You people make it sound like BrickPearson26 is going to be arriving back in the states within 48 hrs, which if that were the case, this thread wouldn't be happening. I'm not versed in how the Spring weather will be for sailing, but by then, I would think chance of major snow storm would be slim, referring mainly to geography South of Mason-Dixon. Sounds like getting to Florida is the first part of the elephant to chew (re: How do you eat a whole elephant? One bite at a time). Get that under your belt and you're significantly closer- other options as previously mentioned might look more favorable/do-able/less costly. From your posting and reviewing your "blog", I'd be incline to think you're more concerned about the cold weather and less about foul weather, at least where a level of comfort is concerned.

I am one who might be interested in purchasing your boat if you will at least get it to Florida should you decide to go that route, no pun intended.

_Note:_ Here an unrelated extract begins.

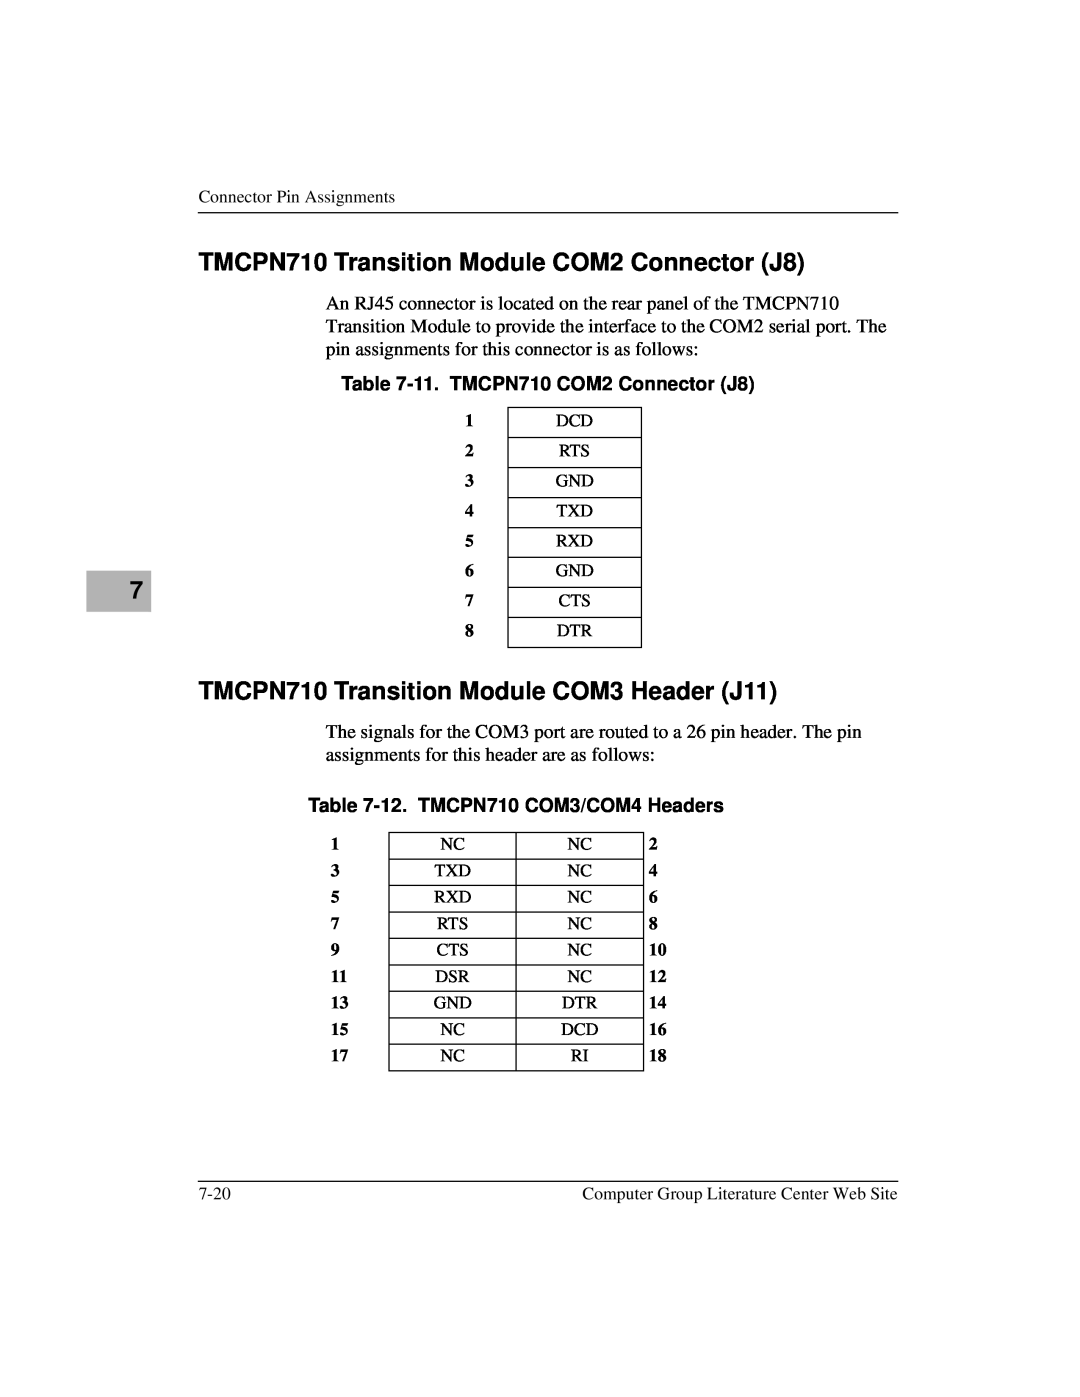 Motorola MCPN750A, IH5 manual TMCPN710 Transition Module COM2 Connector J8, TMCPN710 Transition Module COM3 Header J11

Side note: technically, ASAP is an acronym, as we all know, that is used mostly these days incorrectly, as in "right now". What ever happened to it's original meaning- as soon as possible? In other words, if it ain't possible before May, then so be it.


----------



## BrickPearson26 (May 10, 2007)

I am going to have to agree with elkscout on this one. Just because it is snowing there now does not mean it is going to be snowing in a month or two. What I really want to know is how early people usually make the trip back north. Anybody have any personal experience?


----------



## AlanBrown (Dec 20, 2007)

Brick,

A few years ago I was waiting in Marathon for a weather window to open so I could head over to Nassau. I waited the whole month of April and the wind never stopped howling. Finally, on May 1st I headed up the ICW on the west side of the Keys (out of the wind) to Biscayne Bay. Two days later the weather finally changed and winds shifted over to the south. I made an uneventful crossing.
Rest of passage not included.